Still, thanks to its robust backwards compatibility, snappy interface, gorgeous game performance and incredible load times, the PS5 already feels like the future of console gaming. And it's hard to go back. 

PS5 review: Price and release date

PS5 specs

Price: $499 (standard), $399 (Digital Edition)
CPU: 3.5GHz, 8-core AMD Zen 2
GPU: 10.3 teraflop RDNA 2 GPU
RAM: 16GB GDDR6
Storage: Custom 825GB SSD
Expansion: NVMe M.2 SSD slot
Disc drive: 4K Blu-ray player
Size: 15.4 x 10.2 x 4.1 inches
Weight: 9.9 pounds 

The PS5 launched on November 12 in the U.S., and is coming to the U.K. and most other parts of the world on November 19. The standard PS5, which includes a 4K-Blu-ray drive, costs $499, while the PS5 Digital Edition goes for a cheaper $399, if you don’t mind going discless.

It’s worth noting the PS5 has been extremely hard to buy ever since pre-orders first went live earlier this year. Retail stock has been going in and out rapidly, so be sure to bookmark our where to buy PS5 guide for the latest updates. 

PS5 review: Design 

PS5

(Image credit: Tom's Guide)

It’s been discussed to death, but the PS5 is a truly gargantuan piece of machinery. Sony’s 15.4 x 10.2 x 4.1-inch console dwarfs pretty much any gaming system that’s come out in the past decade, including the PS4 Slim and the PS4 Pro. It’s also far bigger than its new next-gen rival in the Xbox Series X, and makes the Xbox Series S look like a children’s toy. 
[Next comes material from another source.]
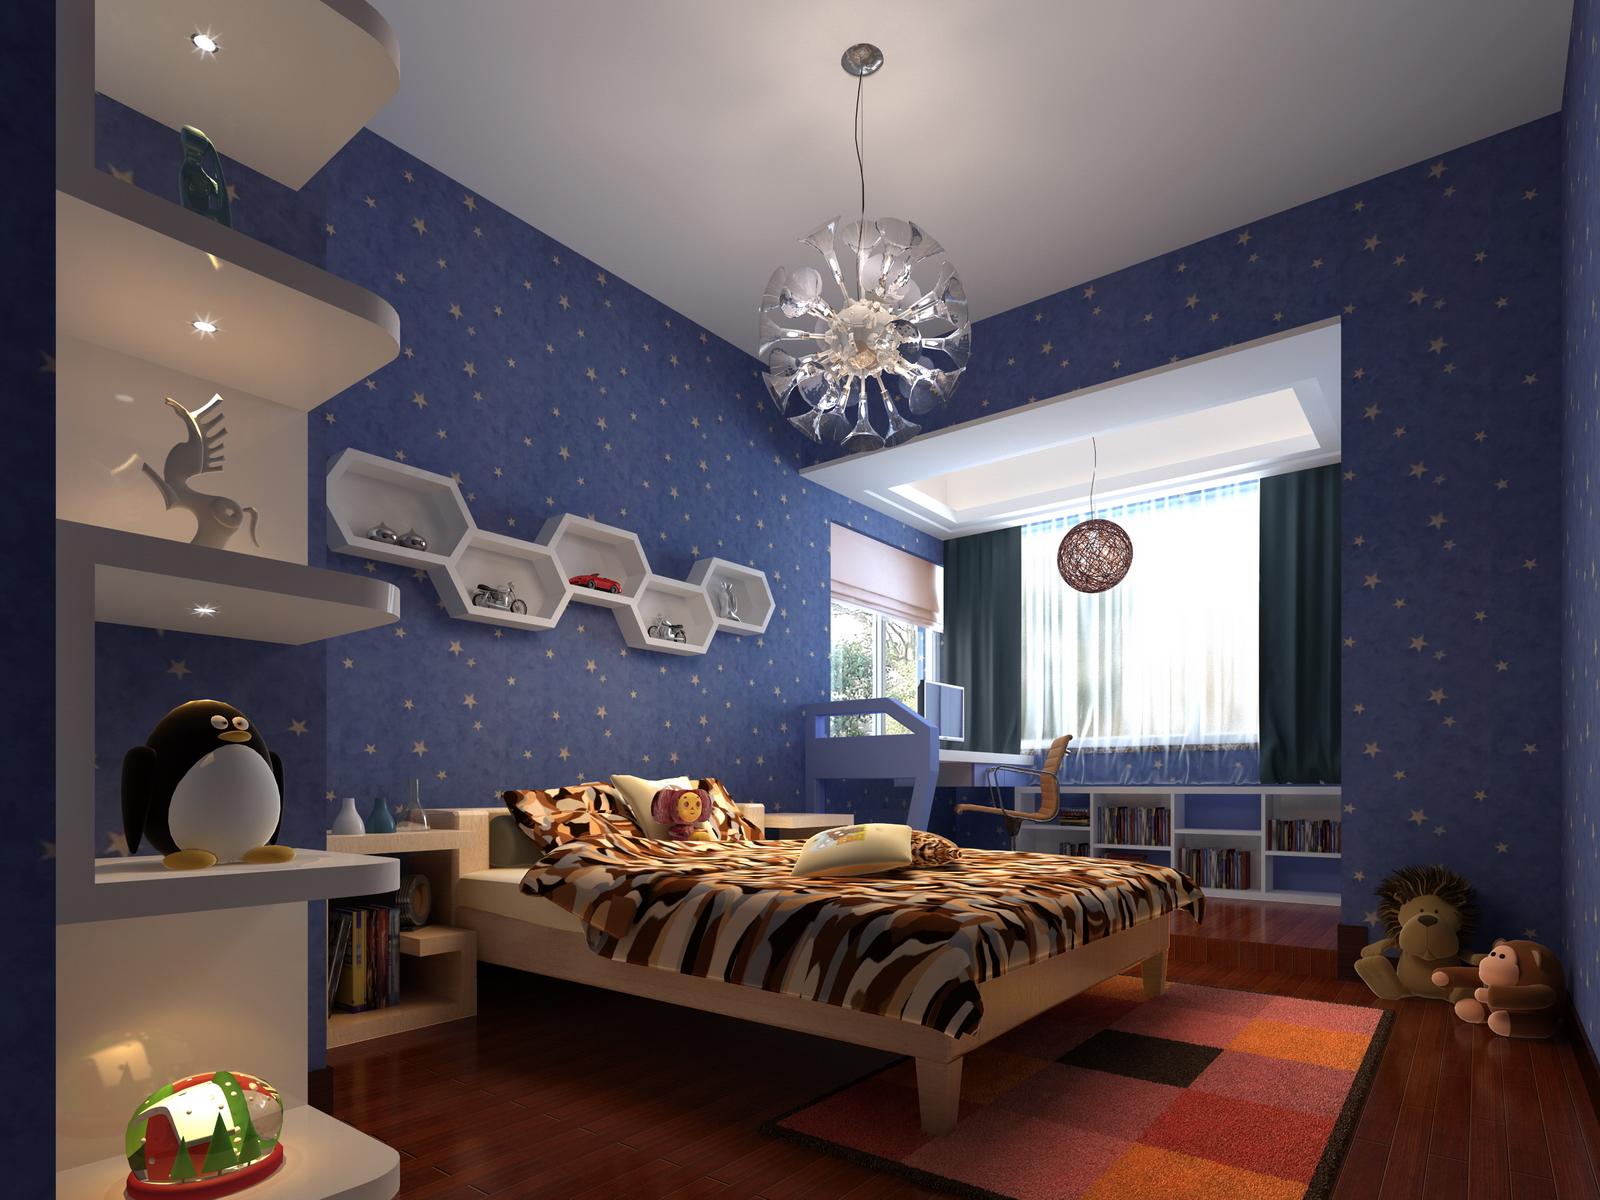 简约 欧式 收纳 别墅 卧室图片来自bjsdgjzs在【尚都国际装饰】九章别墅案例的分享

That massive chassis allows the PS5 to pump out some serious performance while staying mostly cool and quiet (which we’ll talk more about later), but the sheer size of the new PlayStation could be an issue for those with small entertainment areas. 

PS5

(Image credit: Tom's Guide)

Unless you plan on putting your PS5 on the floor, you’ll likely need a dedicated small table if you plan on standing it vertically. I was able to fit the PS5 in my entertainment center in a horizontal orientation, but just barely. As such, you’ll want to measure your available space before you set up a PS5 at home.

Speaking of orientation, the PS5 includes a detachable stand that allows you to position the massive console vertically or horizontally. The stand screws into the bottom of the console in vertical mode (the PS5 includes a screw, but no tool to screw it in), and clamps on to the PS5’s rear port area in horizontal mode. 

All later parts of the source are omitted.